In order to further validate the accuracy of the image recognition and classification functions of the ML.NET machine learning framework and to optimise the original method of cross-validation, in this part, the three-fold cross-validation method was chosen to be used by randomly dividing the total data set into three equally sized sets, randomly selecting two each time as the training set and the remaining one as the test set, and the cycle was repeated three times to determine the accuracy mean value as the accuracy estimate. The three-fold cross-validation method was also repeated three times by randomly disrupting the data inside the A/B/C/D/E/F sets three times, as shown in Figure 8.
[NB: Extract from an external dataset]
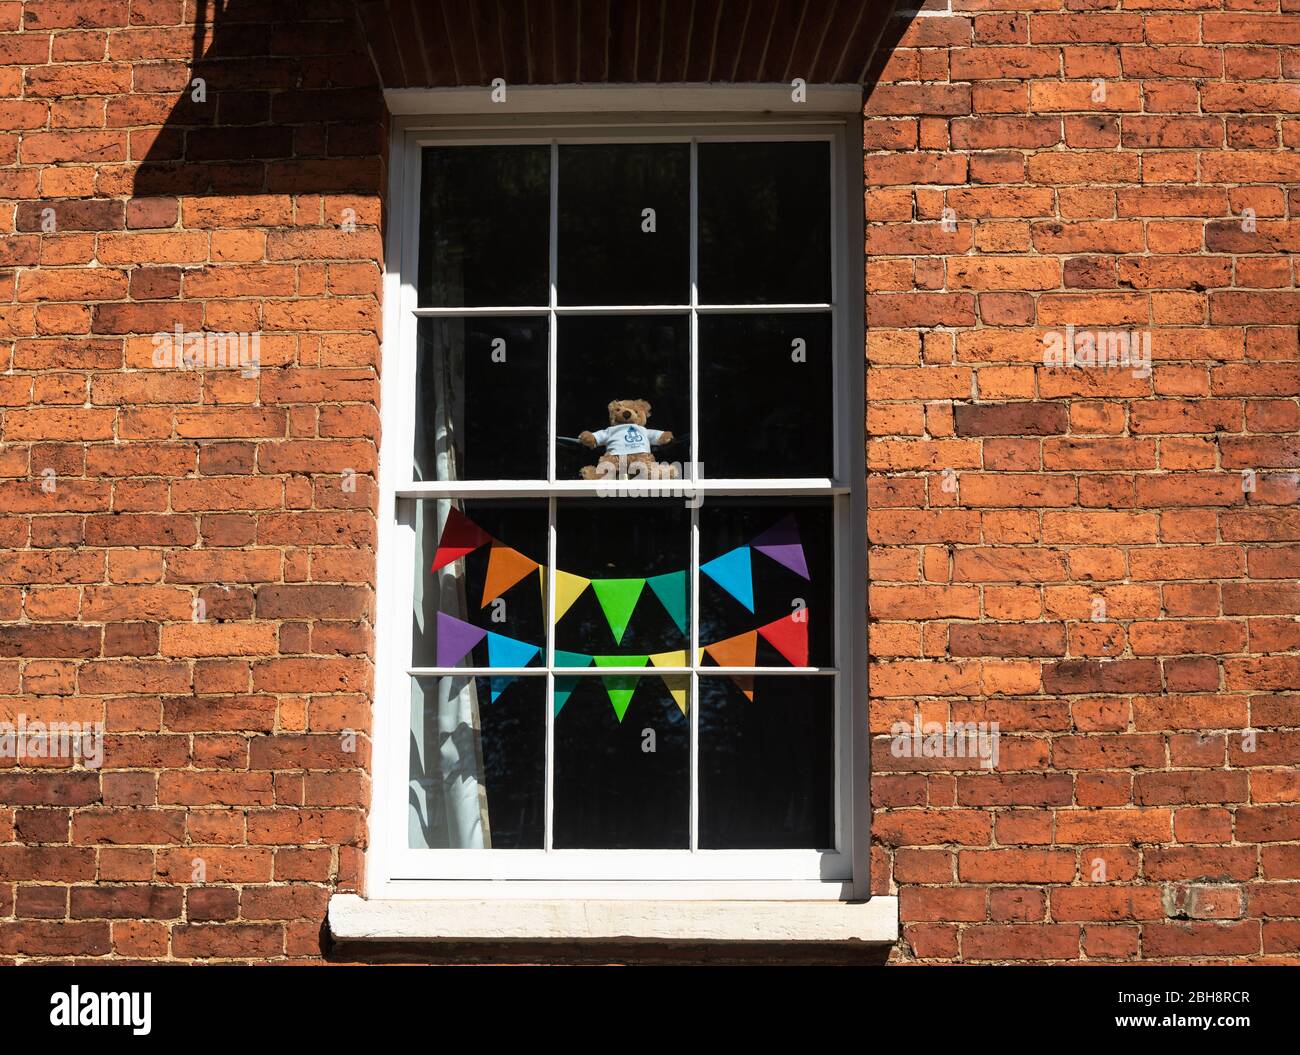 24 Aprile Banbury, Oxfordshire, UK . Le case di Banbury mostrano immagini di arcobaleni, simbolo di speranza in tempi bui, che rappresentano gratitudine e grazie al personale NHS e a tutti i principali lavoratori per il loro servizio durante la pandemia del coronavirus. Credit Bridget Catterall/Alamy Live News Foto Stock

After three times three-fold cross-validation, the DDN + ResNet-50 network model was still found to perform well for the identification and classification of satellite images of tailings ponds, with an average test accuracy of 87.8%: 88.9% for the 1# Tailings Pond and 86.7% for the 2# Tailings Pond. The test accuracy data for the three times three-fold cross-validation are shown in Figure 9.
We then explored further and improved the accuracy of the ML.NET machine learning framework and its DNN + Resnet-50 model for the identification and classification of tailings ponds by expanding the dataset (training set and test set). The data for the new dataset were satellite images of tailings ponds within China, Australia and Malaysia from Geovis (http://www.geovis.com.cn/ (accessed on 10 November 2022), Tianditu (https://www.tianditu.gov.cn/ (accessed on 10 November 2022) and Google Earth (https://earth.google.com/ (accessed on 10 November 2022), with a total of 42 sets of both the 1# tailings pond (21 sets) and 2# tailings pond (21 sets). For data set details, please refer to http://dx.doi.org/10.13140/RG.2.2.27124.01928 (accessed on 10 November 2022).
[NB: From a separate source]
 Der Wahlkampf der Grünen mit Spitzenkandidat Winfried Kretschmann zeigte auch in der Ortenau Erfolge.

The new dataset likewise underwent three times three-fold cross-validation (as shown in Figure 8). The DDN + ResNet-50 network model was still found to perform well for the identification and classification of satellite images of tailings ponds, with an average test accuracy of 87.3%: 90.5% for the 1# Tailings Pond and 84.1% for the 2# Tailings Pond. The test accuracy data for the three times three-fold cross-validation are shown in Figure 10.
The results showed that the ML.Net machine learning framework and its DDN + ResNet-50 machine learning model performed very well in the recognition and classification of satellite images of tailings ponds, with accuracies above 80% for all three validations (including the validation after expanding the database). However, the identification accuracy for the 2# Tailings Ponds was slightly lower than that for the 1# Tailings Ponds in all three validations. This may be due to the fact that the 2# Tailings Pond is not well characterised, which is exactly the case: some 2# Tailings Ponds, which are about to be closed or have just been closed, are not very different from 1# Tailings Ponds; while some 2# Tailings Ponds, which has been closed for some time, generally already show signs of extensive land reclamation, which are all different. This problem may need to be solved in the future by other methods, but there is no doubt that ML.Net has done an excellent job of identifying and classifying tailings ponds.
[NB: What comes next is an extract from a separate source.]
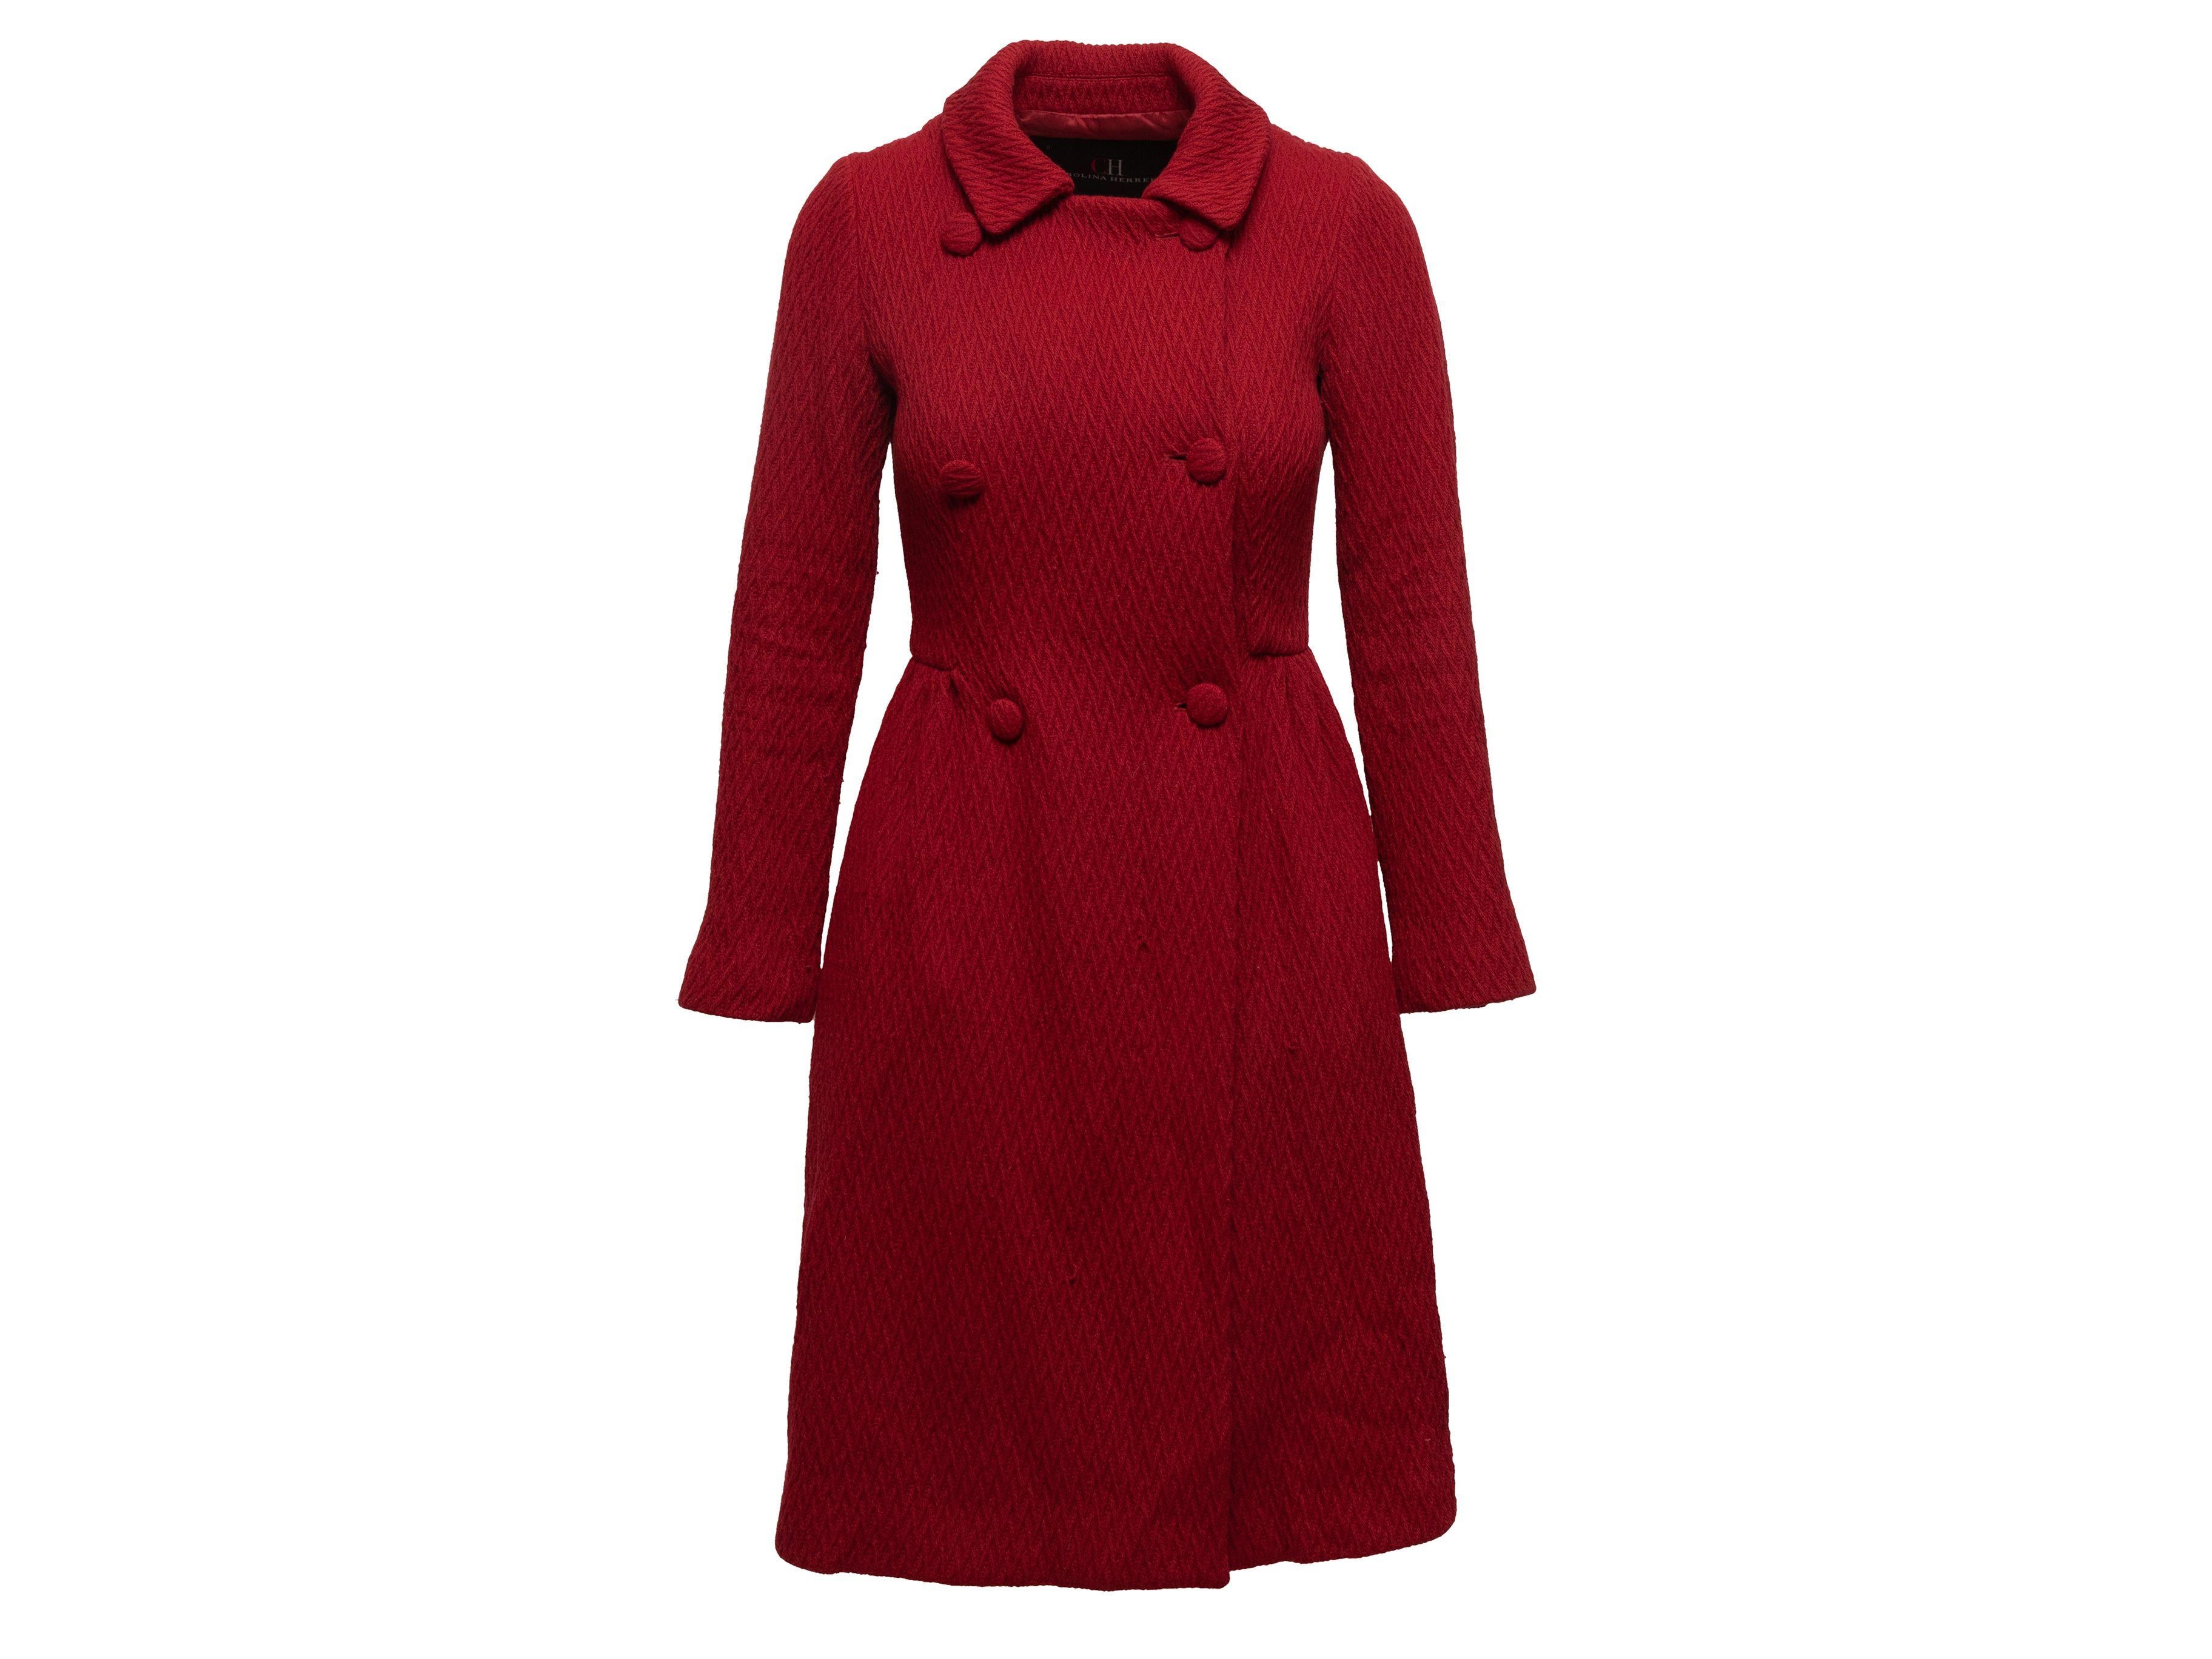 Women's Carolina Herrera Red Wool Textured Coat

4. Discussion: Research Implications and Other Types of Mine Pollution

The monitoring and management of tailings ponds are particularly important in order to avoid environmental pollution and safety accidents in tailings ponds. However, monitoring tailings ponds is often very time-consuming and labour-intensive. This paper explored the accuracy of the ML.Net machine learning framework and its machine learning model in classifying and identifying the two types of tailings ponds with different characteristics, providing a starting point for future remote sensing techniques to monitor tailings pond risk and pollution [33,34].
It is also important to introduce the public to the severity of the current worldwide mine pollution and its hazards to the environment and public health because, in addition to mine solid waste pollution, mine wastewater and mine dust are also serious threats to the environment and the health of residents [35,36]: Mine wastewater pollution causes serious environmental problems (e.g., heavy metal pollution) to rivers, agricultural soils, the surrounding environment and drinking water for people living nearby; mine dust pollution can affect the safety of mining production and can also have a negative impact on the health of miners, for example by causing them to suffer from occupational diseases such as pneumoconiosis [37].
With the introduction of “Sustainable Development” [38] and “One Health” [39], issues related to mine pollution, environmental damage and public health are receiving increasingly widespread attention worldwide that more and more people are becoming aware of the negative health effects of mine pollution and they are trying to take precautions, while researchers are noticing the ecological and public health risks posed by mine pollution, so more and more research related to mine pollution, environmental damage and public health is being carried out. Additionally, many experts in the field of environmental engineering and public health have proposed measures based on their research expertise to address the problems associated with environmental pollution and health crises in mining; they have mostly focused their research on their own single area of study. For example, Li, S. et al. [40,41] have been working on Green Mine Construction and the elimination of mine pollution, but their research has remained focused on improving mining methods and thus mitigating mine pollution, without taking into account emissions pollution and the impact of emissions on public health; furthermore, Sahu, K et al. [42,43] were among the first researchers to propose the reuse of metal mine solid waste for metal resource recovery as well as to mitigate mine solid waste pollution, but their research was limited to chemical recovery processes, and no further research or discussion of mine pollution or public health threats was undertaken [44,45].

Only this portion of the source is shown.